My grandmother was another very strong figure in my life. She learned sewing at a very young age and worked as a seamstress, creating her own pieces. She made my mother’s clothes when she was young, and the two of them designed new styles together. As a child, I entered that world by having clothes made for my dolls. These two women laid the foundations of what I do today. One taught me how to see, to understand colours and aesthetics; the other taught me how to create, to work with material and form.

Moreover, although I earned a degree in international relations from Bilgi University in Istanbul, I continued in fashion until I won awards as a young designer. These key milestones helped shape my brand identity.

Izmir — where you come from — is no ordinary Turkish city. It is a highly refined, forward-looking destination that has given birth to illustrious figures such as Homer, Aristotle Onassis and Dario Moreno. How does that strong identity inform your work?

Izmir is not just a city to me; it is a state of mind. Throughout its history, it has welcomed diverse cultures and personalities, and its refinement is reflected in my design language. Growing up in Izmir was deeply inspiring. The fact that it is a coastal city shaped my bond with nature from an early age. In addition, the role of women there is particularly strong: they are respected, free, self-confident and visible in social life. This culture has profoundly influenced my stance and my vision of design.

The city’s slow but high-quality pace of life, as well as its effortless elegance, shaped my aesthetic eye. The balance between Western modernity and deep-rooted traditions is directly reflected in the way I connect past and present.

What is Turkey still missing if it wants to shine on the haute couture and ready-to-wear calendar, and no longer be seen as a secondary destination in this sector?

In reality, the development of Fashion Week in Turkey rests on solid foundations. Since 2009, Fashion Weeks have been held in Istanbul, and with the arrival of Mercedes-Benz in 2013, the event gained international visibility. The collections presented have demonstrated the creativity of Turkish designers and the strength of the sector. I have been part of this dynamic myself since 2014, presenting my collections every season.

The 2019–2020 pandemic, followed by economic difficulties and Mercedes-Benz’s withdrawal, slowed that momentum. Today, the main challenge is to ensure lasting support for designers and to strengthen their international representation. Turkey’s potential is immense; with the right strategies, it can gain greater visibility and influence.

Which are your most dynamic markets today?

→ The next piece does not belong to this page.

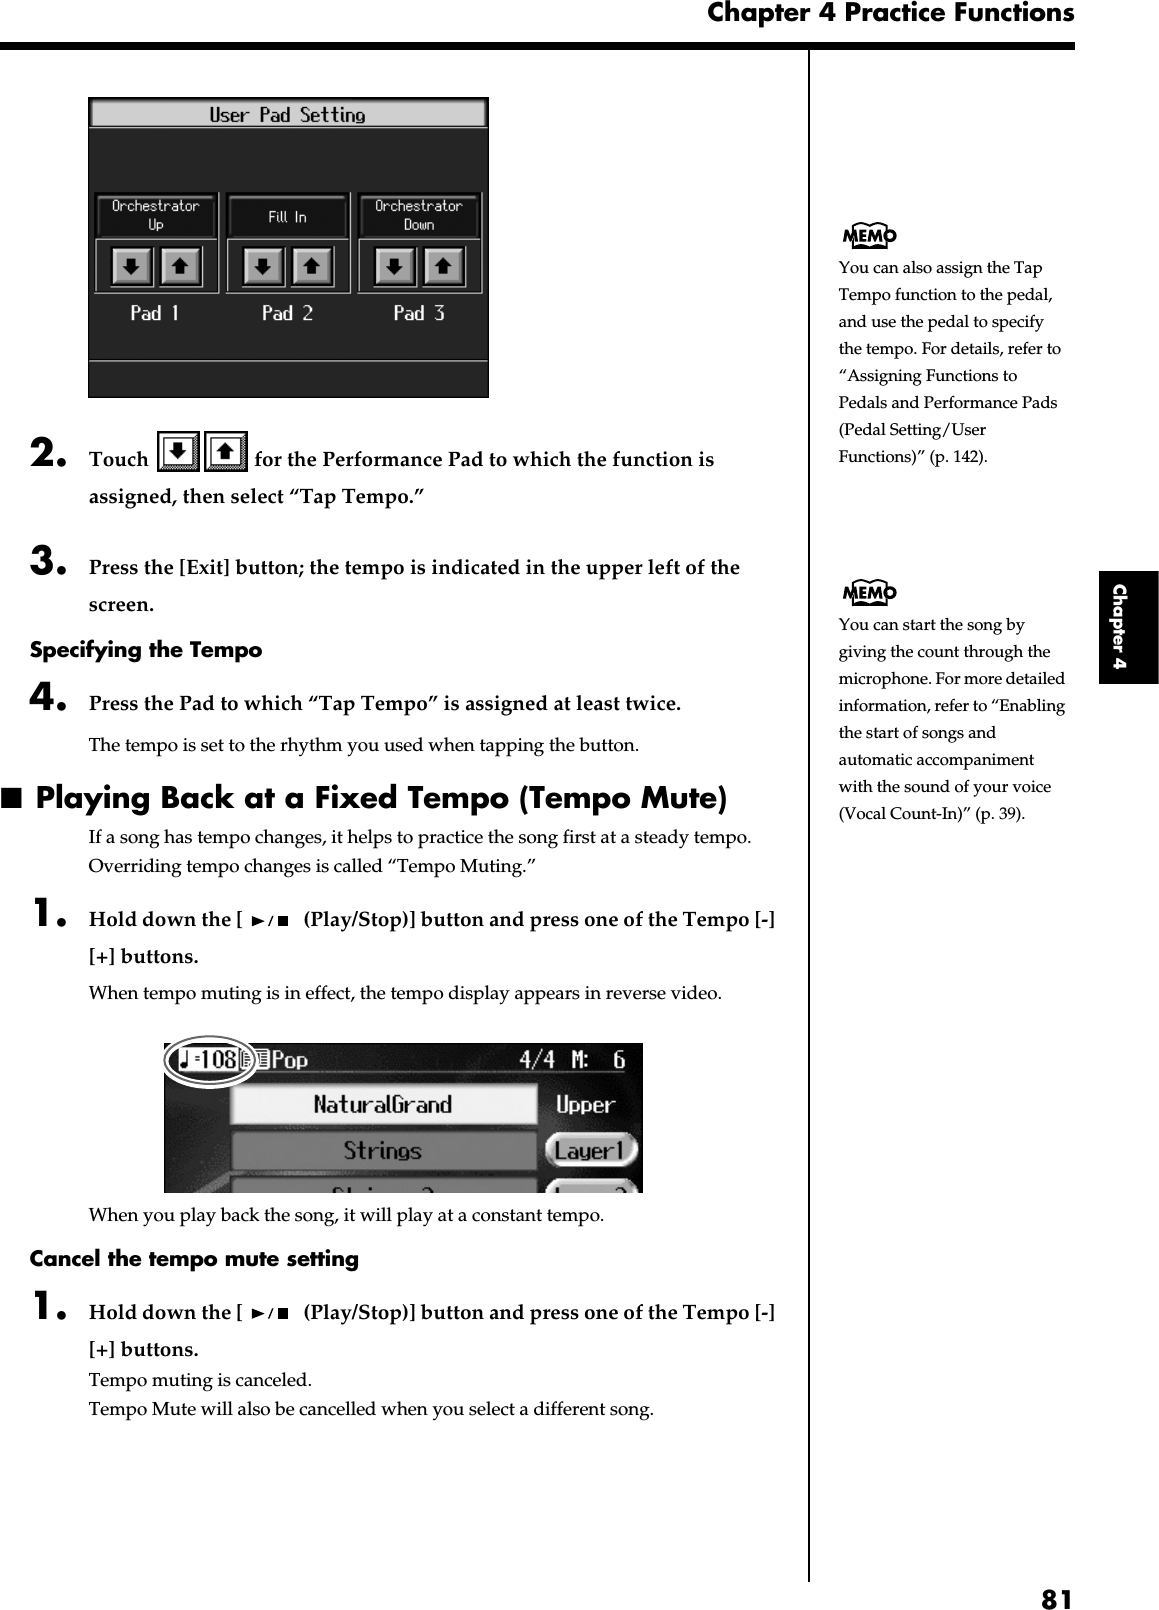 81Chapter 4 Practice FunctionsChapter 4fig.d-usrfunc.eps_602. Touch   for the Performance Pad to which the function is assigned, then select “Tap Tempo.”3. Press the [Exit] button; the tempo is indicated in the upper left of the screen.Specifying the Tempo4. Press the Pad to which “Tap Tempo” is assigned at least twice.The tempo is set to the rhythm you used when tapping the button.■Playing Back at a Fixed Tempo (Tempo Mute)If a song has tempo changes, it helps to practice the song first at a steady tempo. Overriding tempo changes is called “Tempo Muting.”1. Hold down the [  (Play/Stop)] button and press one of the Tempo [-] [+] buttons.When tempo muting is in effect, the tempo display appears in reverse video.fig.d-tempmute.eps_60When you play back the song, it will play at a constant tempo.Cancel the tempo mute setting1. Hold down the [  (Play/Stop)] button and press one of the Tempo [-] [+] buttons.Tempo muting is canceled.Tempo Mute will also be cancelled when you select a different song.You can also assign the Tap Tempo function to the pedal, and use the pedal to specify the tempo. For details, refer to “Assigning Functions to Pedals and Performance Pads (Pedal Setting/User Functions)” (p. 142).You can start the song by giving the count through the microphone. For more detailed information, refer to “Enabling the start of songs and automatic accompaniment with the sound of your voice (Vocal Count-In)” (p. 39).

Our brand is currently active in the Middle East, with a strong presence in Kuwait, Saudi Arabia, Bahrain, Riyadh and Qatar. The architectural, sophisticated language of our creations naturally resonates in this region. We also have sales in Panama, as well as active points of sale in Turkey.

Which personalities would you most like to dress, and why?

I would like to dress Cate Blanchett, whose presence and timeless elegance align perfectly with the Meltem Özbek DNA. I would also like to dress Meryl Streep, whom my mother and I have admired for years. Her poise and chic resonate deeply with my vision. Zendaya is another figure I would love to dress, because she embodies a rare ability to carry strong silhouettes with modernity.

Finally, I would like to dress Anna Wintour, a true fashion icon. Seeing my creations worn by her would be one of the most meaningful moments of my journey.

What are your next highlights?

In September 2025, we presented our SS26 collection in a showroom at Place Vendôme in Paris, meeting international buyers and successfully completing our sales process. This enabled us to win new clients in the Middle East. At the end of January, we presented our Autumn-Winter 2026 collection in a showroom in Dubai, further expanding our presence into new markets.

In the next season, we will once again present our collection in Paris, with the launch of SS27. At the same time, our bag line is returning with new designs, and we expect to complete that process within the next three months.